Proposals that would allow grandparents to use their pension pots as security against their grandchildren’s mortgages were criticised by leading IFAs today as highly damaging to retirement saving.
Deputy prime minister Nick Clegg announced at the Liberal Democrat conference that his party would ensure grandparents could use up to 25 per cent of their pension pots in the scheme, saying it would help first-time buyers.
However, AWD Chase de Vere’s Patrick Connolly
(pictured right) claims this could endanger the already low level of pensions saving in the UK.

He said: "The risk is that people will use money they need for their own retirement and then become more dependent on the state, so it could only be suitable for the small amount of people who can safely fund their retirement without that money."
"I think people aren’t saving enough for their own retirement anyway, so the number of people for whom this is applicable is small."
Danny Cox
(pictured left), head of advice at Hargreaves Lansdown, agreed: "We think the idea is pretty bonkers."

"You would be exposing your pension to two risks: firstly the risk of having it invested in the first place, secondly that of losing the money if your grandchildren can’t pay the mortgage."
"Not a lot of people can afford to expose their pensions to that level of risk. The people who are going to be best-placed to do this are those who already have the means to help their grandchildren."
Kerry Nelson
(pictured right), managing director at Nexus IFA, said: "The people it’s going to apply to aren’t those he’s trying to help.

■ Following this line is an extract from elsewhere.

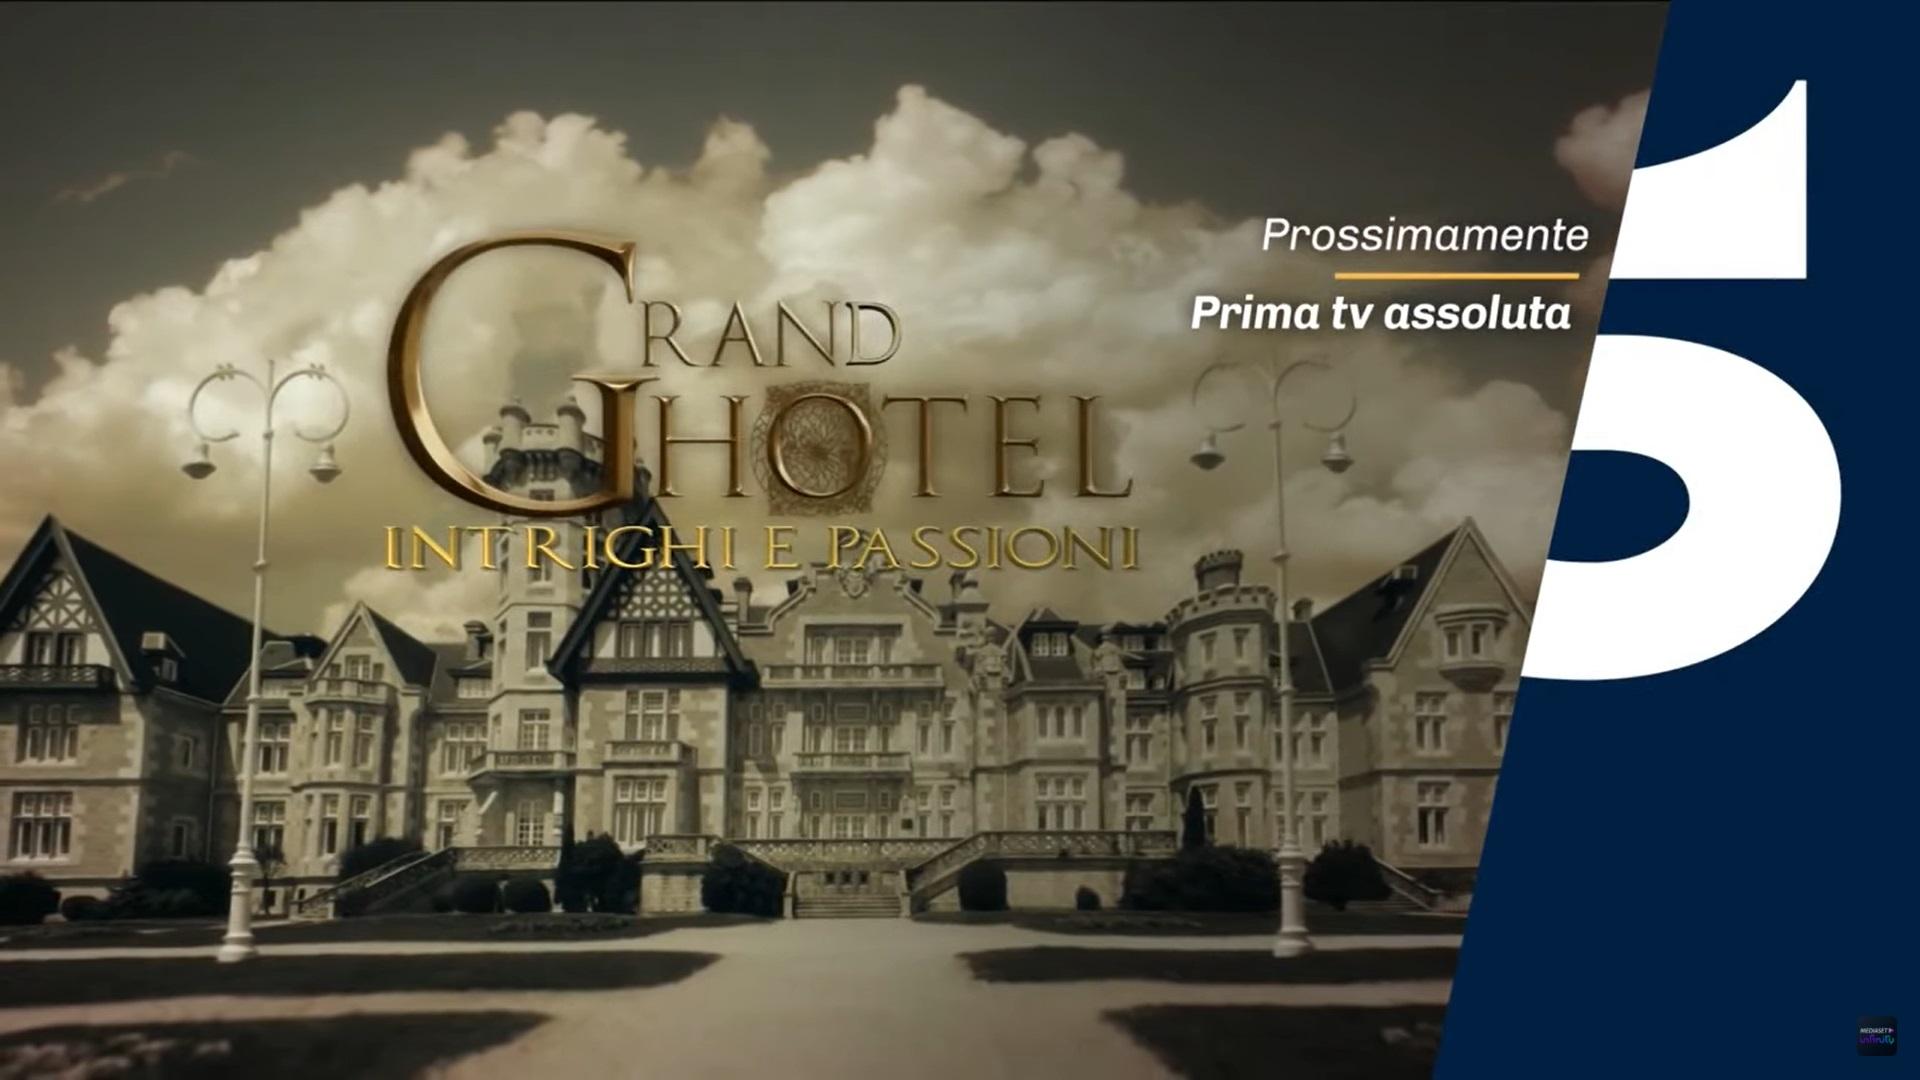 Grand Hotel Intrighi e Passioni anticipazioni 1 agosto

Effectively it’s help for the rich."

"Young people struggling to get on the housing ladder aren’t those with grandparents who can afford to risk their mortgage."

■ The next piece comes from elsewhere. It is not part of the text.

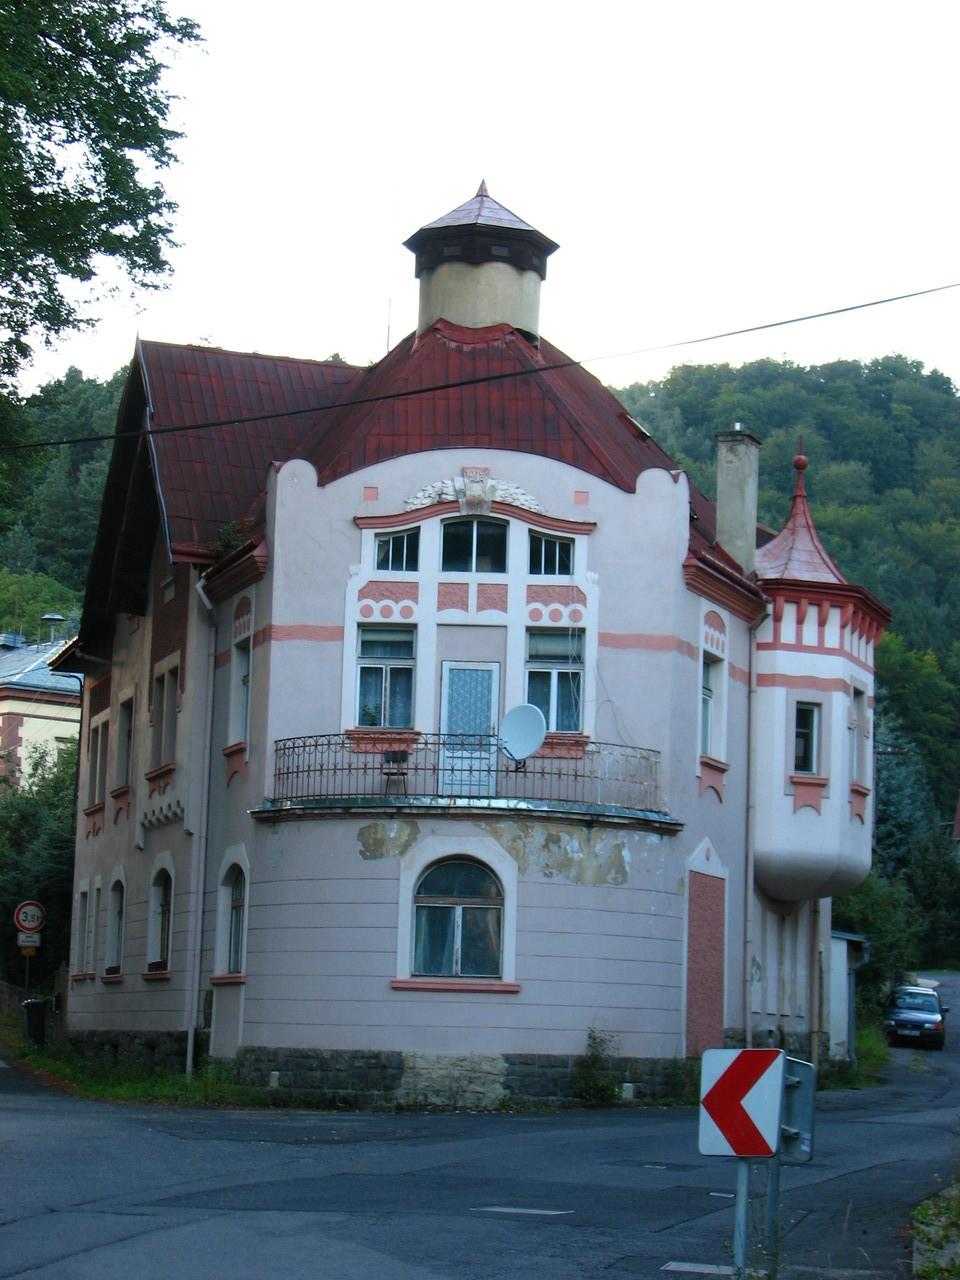 Ein Haus in der Nachbarschaft

Cox commented: "The proposal is to use 25 per cent of your pension to guarantee your mortgage, so you are going to have to have a pretty large pension fund to guarantee the typical mortgage."
"If the mortgage is £200,000, for example, you will need a pension pot worth that amount to be able to use £50,000 as a guarantee on a 25 per cent deposit."
Cox points out that savers can draw the money from their pension pot once they get to the age of 55 anyway, so if they can afford to lose that money they may prefer to simply gift it to their grandchildren.
He adds that the problem with the housing market is not that people can’t pay their mortgages but that deposits are too high for most people to be available to afford.
"The issue in the housing market right now is raising money for the deposit rather than the mortgage," he said.
"Banks need to recapitalise and the housing market needs to move back to growth so lenders are prepared to lend more money."
"We will eventually get back to 95 or 100 per cent mortgages; we are just not there yet. The housing market goes through 10-year cycles of boom and bust. People just need to let the cycle run its course."
Nelson agrees that it is the lack of lending by banks that is the problem and she says that the Government should address this.
"The banks have completely withdrawn from the market and at the end of the day you can understand why, but they were at the heart of the economic problems we are now dealing with, so it is rather unpalatable that they aren’t lending," she said.
"The only way is to force the hand of the banks – there’s no other real solution."